The sphere-forming assay suggested that Lgr5+ progenitors cultured on graphene substrates generated more spheres than those cultured on TCPS in vitro. However, there was no statistical difference in the diameter of the formed spheres. The results indicate that graphene can promote the sphere-forming ability of Lgr5+ progenitors. The results of differentiation assay suggested that Lgr5+ progenitors could differentiate into Myosin7a+ cells, and the number of Myosin7a+ cells on graphene was larger than TCPS, indicating that our prepared graphene substrates could promote the generation of HCs from Lgr5+ progenitors. Recent studies have found that the regeneration of HCs from inner ear progenitors were regulated by several genes, including Pou4f3, Atoh1, Cdh23, Jag2, Skp2 (Waqas et al., 2016). We speculate that graphene substrates may promote the differentiation of Lgr5+ progenitors into HCs by regulating the expression of related genes. We will carry out in-depth research on the underlying mechanism in the future. What’s important, we will develop more graphene-based 3D scaffolds with superior properties and combine them with stem cell transplantation for the regeneration of inner ear HCs.

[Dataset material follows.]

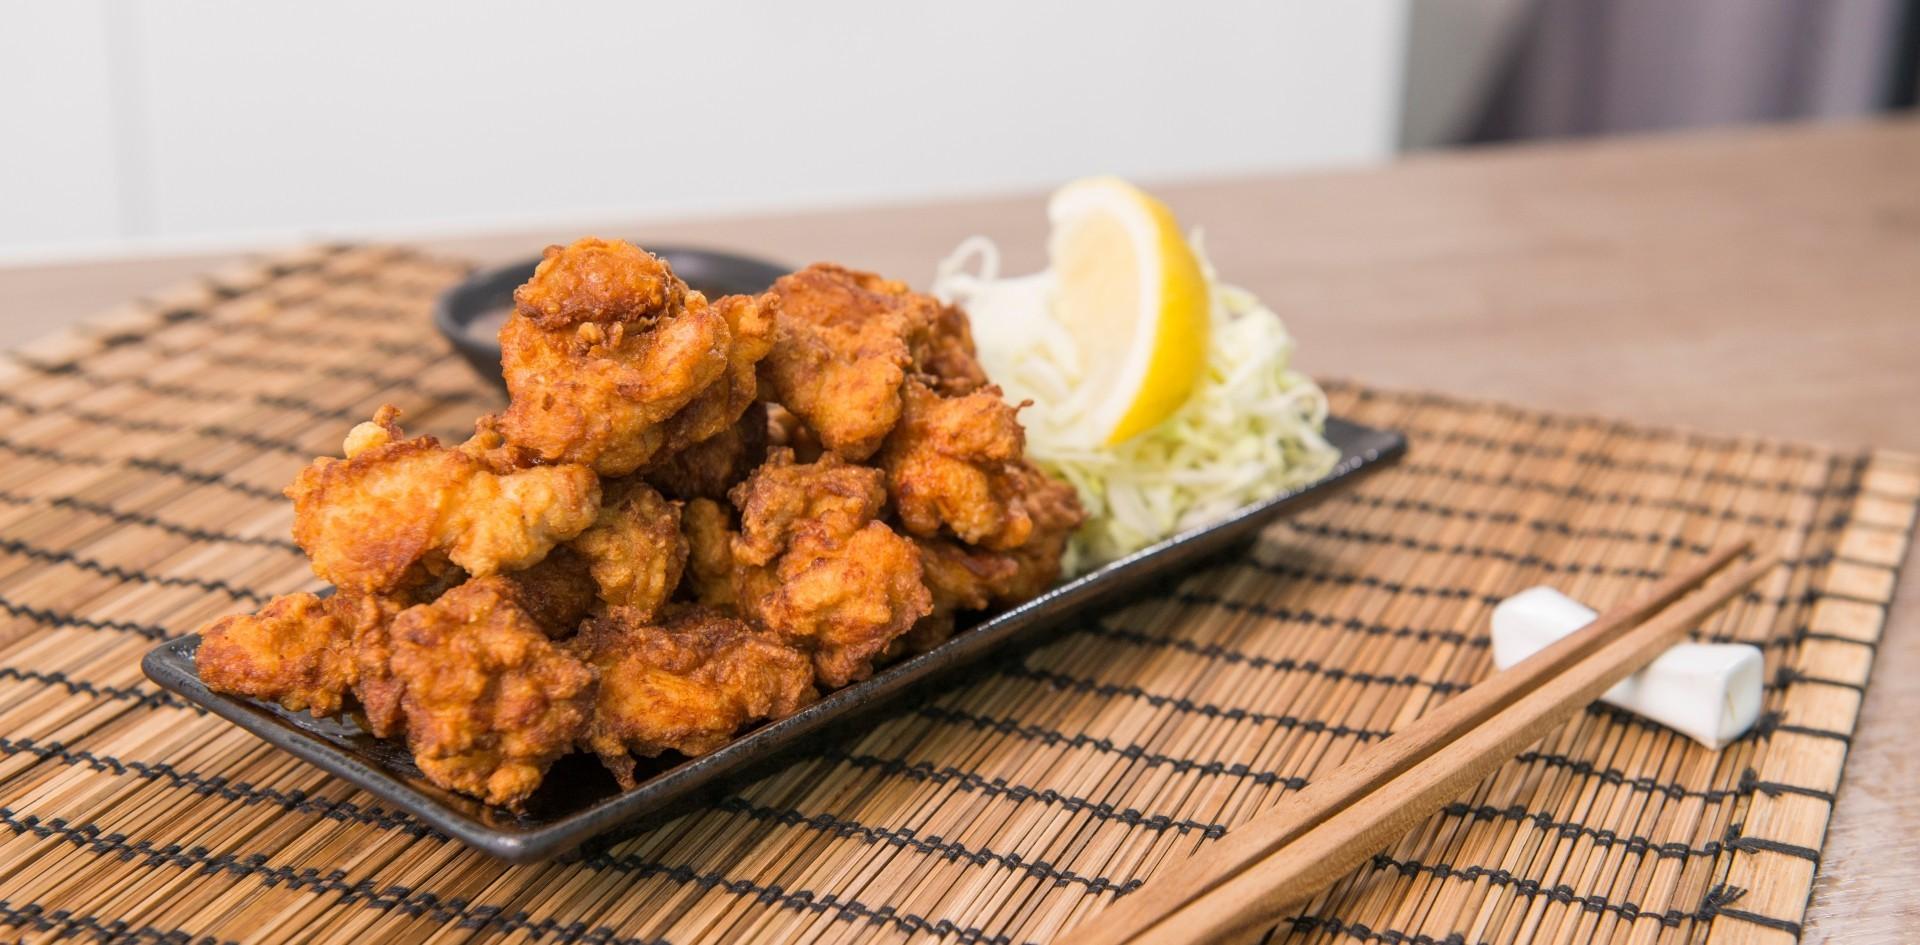 """วิธีทำ """"ไก่ทอดคาราอะเกะ"""" เมนูไก่ กรอบนอกนุ่มใน ฟินไกลเหมือนไปญี่ปุ่น!"""

In summary, we prepared graphene substrates by depositing graphene onto coverslips. We found that the graphene substrates promoted the sphere-forming and HC regeneration capabilities of cochlea Lgr5+ progenitors. The results suggest that graphene is an efficient interface that can promote the differentiation of Lgr5+ progenitor cells into HCs, which is essential for its future application in combination with Lgr5+ cells to regenerate HCs in the inner ear. In future work, we will continue to explore better graphene-based scaffolds to advance the application of graphene in stem cell therapy. In addition, we plan to further explore the specific mechanism by which graphene substrates regulate cell proliferation and differentiation. Understanding the specific mechanism of the interaction between graphene and inner ear Lgr5+ progenitors may provide more information for promoting HC regeneration through tissue engineering approaches.